Data entries:
%%
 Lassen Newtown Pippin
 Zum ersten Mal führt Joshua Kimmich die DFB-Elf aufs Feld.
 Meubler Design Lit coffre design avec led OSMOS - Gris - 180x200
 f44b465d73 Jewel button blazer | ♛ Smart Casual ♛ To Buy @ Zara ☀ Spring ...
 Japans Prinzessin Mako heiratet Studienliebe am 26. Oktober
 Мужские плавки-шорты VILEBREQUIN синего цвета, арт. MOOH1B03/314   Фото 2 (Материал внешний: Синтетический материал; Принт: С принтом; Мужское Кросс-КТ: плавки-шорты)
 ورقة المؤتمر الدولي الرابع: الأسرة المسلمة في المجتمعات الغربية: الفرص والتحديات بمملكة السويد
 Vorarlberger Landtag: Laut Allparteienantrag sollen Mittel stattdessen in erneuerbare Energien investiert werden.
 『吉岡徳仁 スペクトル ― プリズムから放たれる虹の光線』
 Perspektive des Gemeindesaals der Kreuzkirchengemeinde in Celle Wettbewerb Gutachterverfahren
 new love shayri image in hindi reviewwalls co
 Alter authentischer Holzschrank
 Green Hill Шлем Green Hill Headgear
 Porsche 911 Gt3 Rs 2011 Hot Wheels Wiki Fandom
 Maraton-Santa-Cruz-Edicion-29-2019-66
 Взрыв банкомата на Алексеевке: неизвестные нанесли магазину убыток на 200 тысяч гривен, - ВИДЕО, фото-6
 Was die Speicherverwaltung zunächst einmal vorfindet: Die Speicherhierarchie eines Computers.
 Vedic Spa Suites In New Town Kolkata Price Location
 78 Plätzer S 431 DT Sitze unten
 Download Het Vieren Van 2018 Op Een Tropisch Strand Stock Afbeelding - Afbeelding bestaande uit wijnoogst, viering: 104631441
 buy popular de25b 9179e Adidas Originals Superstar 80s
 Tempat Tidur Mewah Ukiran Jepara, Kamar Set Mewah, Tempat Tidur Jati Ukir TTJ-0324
%%
• Work instructions: Return only the lines between the one holding "Was die Speicherverwaltung" and the one holding "buy popular de25b", inclusive, exactly as they appear above.

• Task answer:
 Was die Speicherverwaltung zunächst einmal vorfindet: Die Speicherhierarchie eines Computers.
 Vedic Spa Suites In New Town Kolkata Price Location
 78 Plätzer S 431 DT Sitze unten
 Download Het Vieren Van 2018 Op Een Tropisch Strand Stock Afbeelding - Afbeelding bestaande uit wijnoogst, viering: 104631441
 buy popular de25b 9179e Adidas Originals Superstar 80s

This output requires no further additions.